ANSPDCP - Fine against Enel Energie Muntenia
|ANSPDCP - Fine against Enel Energie Muntenia|
|Relevant Law:||Article 32 GDPR|
|Parties:||Enel Energie Muntenia SA|
|National Case Number/Name:||Fine against Enel Energie Muntenia|
|European Case Law Identifier:||n/a|
|Original Source:||ANSPDCP (in RO)|
ANSPDCP fined energy provider Enel Energie Muntenia SA for violation of Article 32 GDPR. The DPA found that the provider sent documents with the complainant's personal data to another customer via e-mail and did not take sufficient security and confidentiality measures to prevent accidental disclosure of personal data to unauthorized persons.
The complainant notified the DPA that Enel Energie Muntenia SA violated security and confidentiality of their personal data by sending documents containing their personal data to another Enel customer via e-mail.
Following an investigation, the DPA found that the operator did not take sufficient security and confidentiality measures to prevent accidental disclosure of personal data to unauthorized persons as required by Article 32 GDPR.
Share blogs or news articles here!
English Machine Translation of the Decision
The decision below is a machine translation of the Romanian original. Please refer to the Romanian original for more details.
The National Supervisory Authority completed on 21.05.2020 an investigation at the operator Enel Energie Muntenia SA and found the violation of the provisions of art. 32 of the General Regulation on Data Protection.
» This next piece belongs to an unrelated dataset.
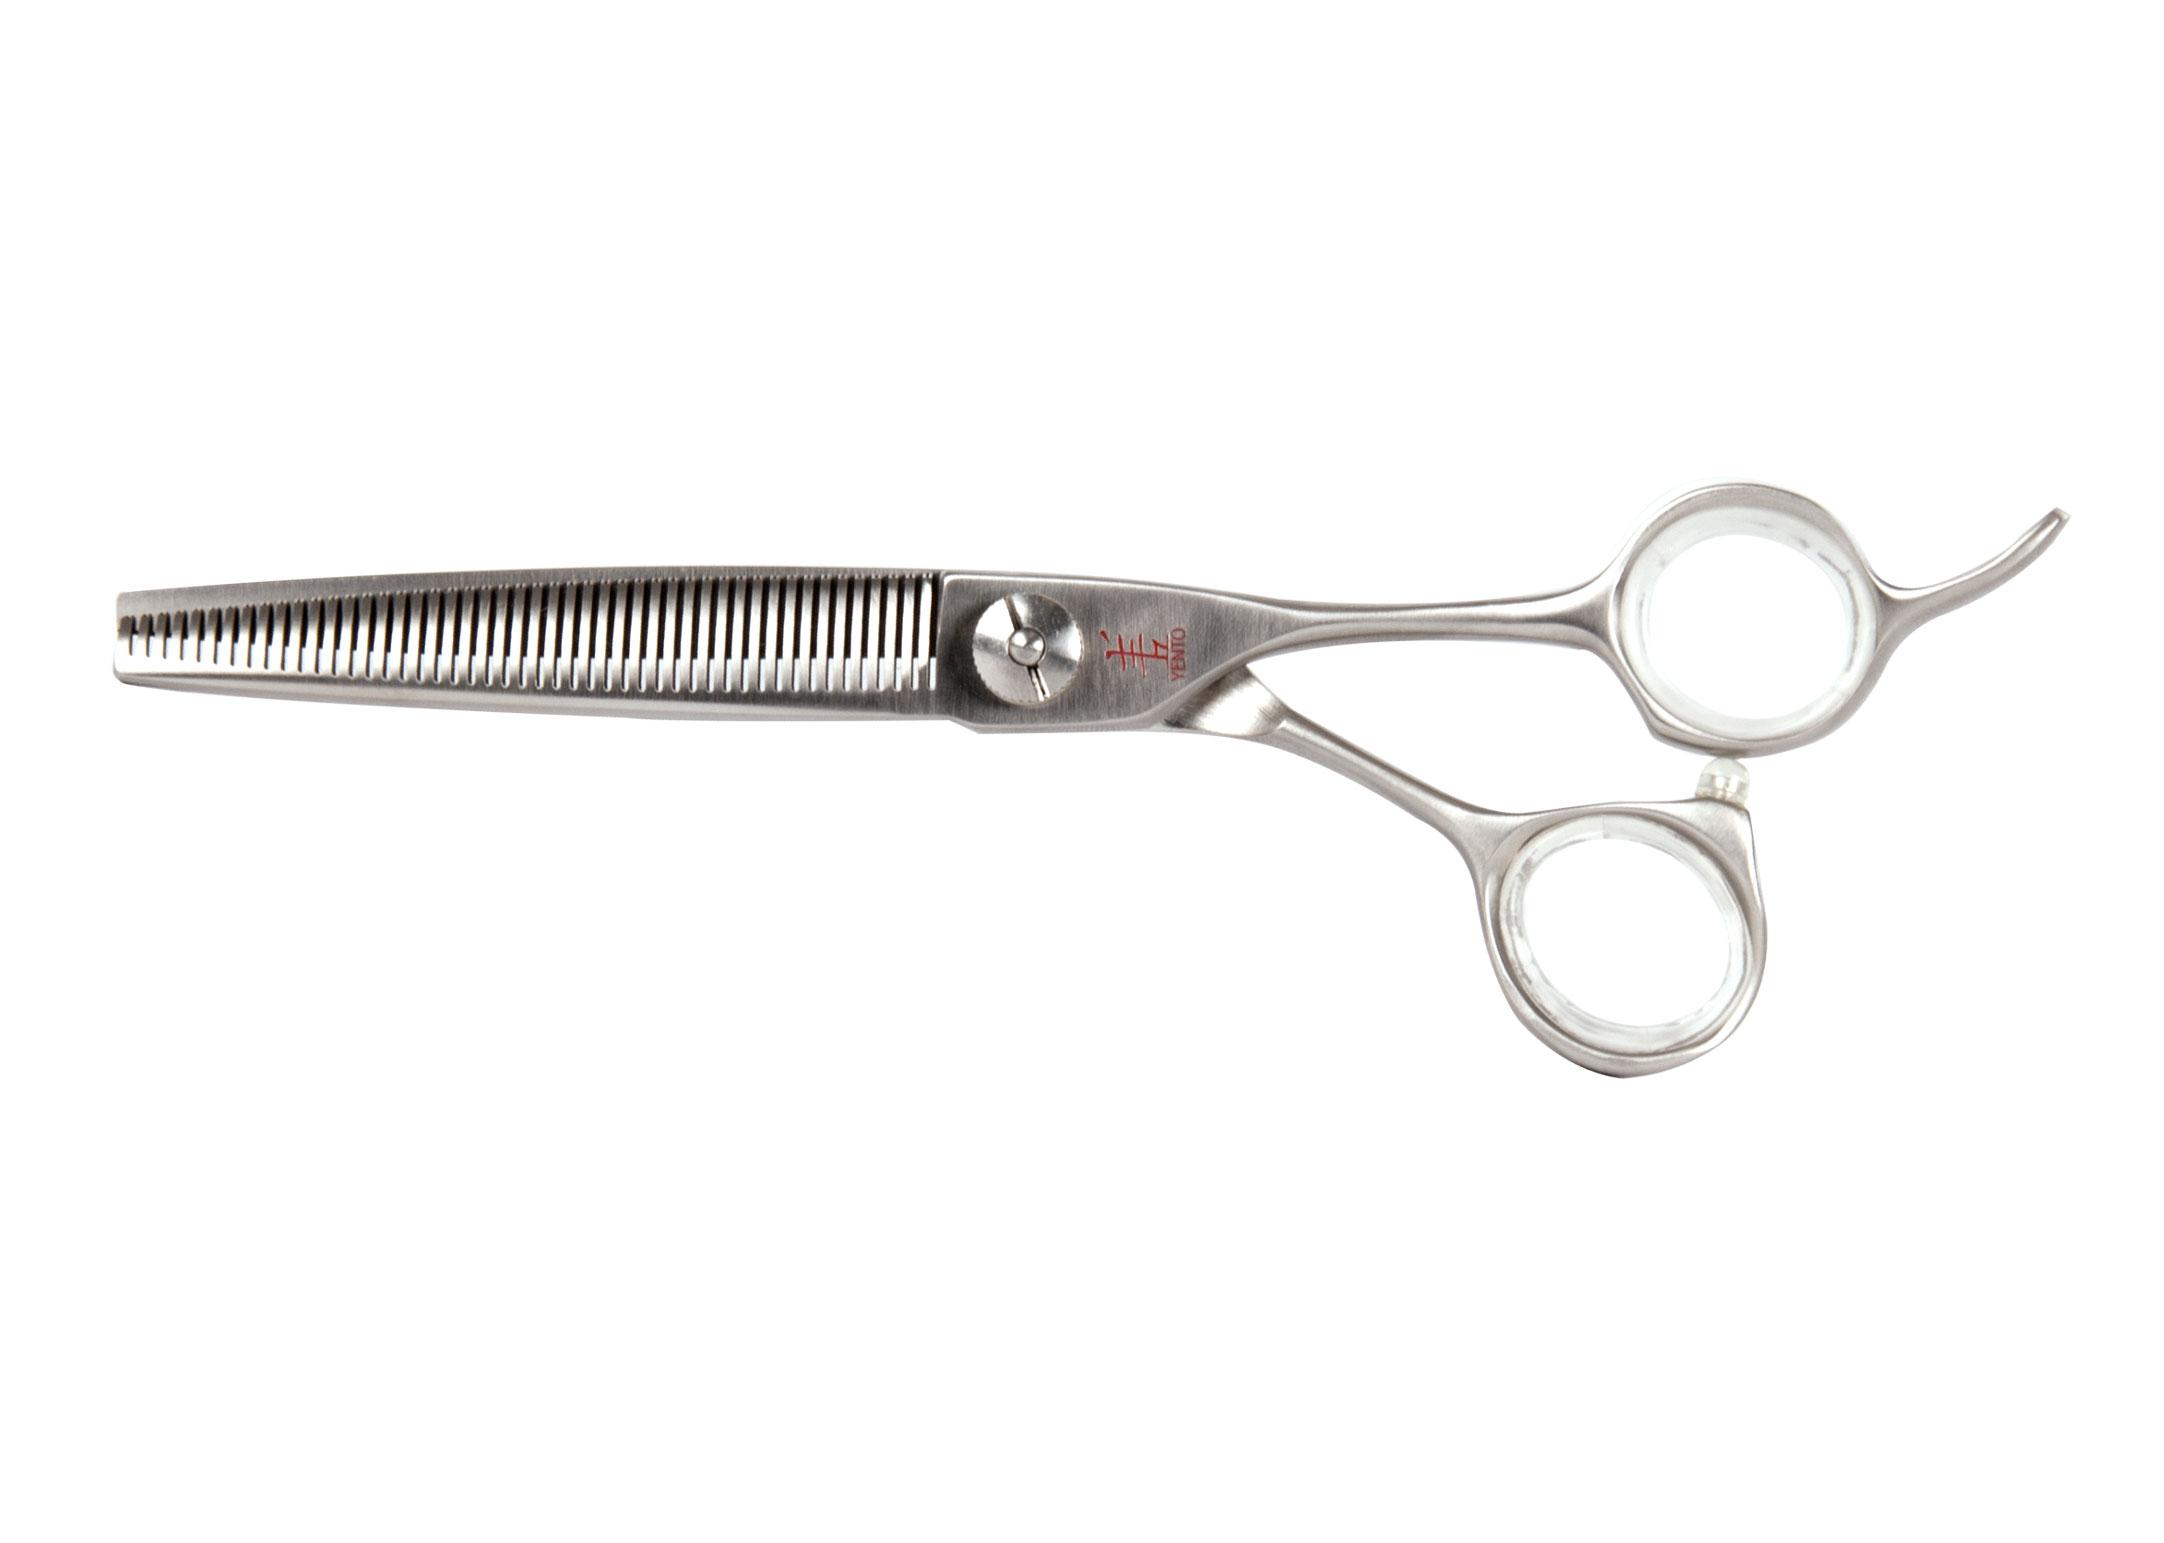 Yento Ergo Line Series 16,50cm - 6 1/2'' Ciseaux Sculpteur 48 Dents

The operator Enel Energie Muntenia SA was sanctioned with a fine of 19368.4 lei, the equivalent of 4,000 EURO. The investigation was initiated as a result of a complaint by which the petitioner notified the violation of security and confidentiality of personal data by Enel Eergie Muntenia SA, by sending documents containing his personal data to another Enel customer, using e-mail. During the investigation, the National Supervisory Authority found that the operator did not take sufficient security and confidentiality measures to prevent accidental disclosure of personal data to unauthorized persons, violating the provisions of art. 32 of the RGPD. At the same time, the corrective measure was applied to the operator to ensure the compliance with RGPD of the operations of collection and further processing of personal data, by implementing adequate and efficient security measures, both from a technical and organizational point of view.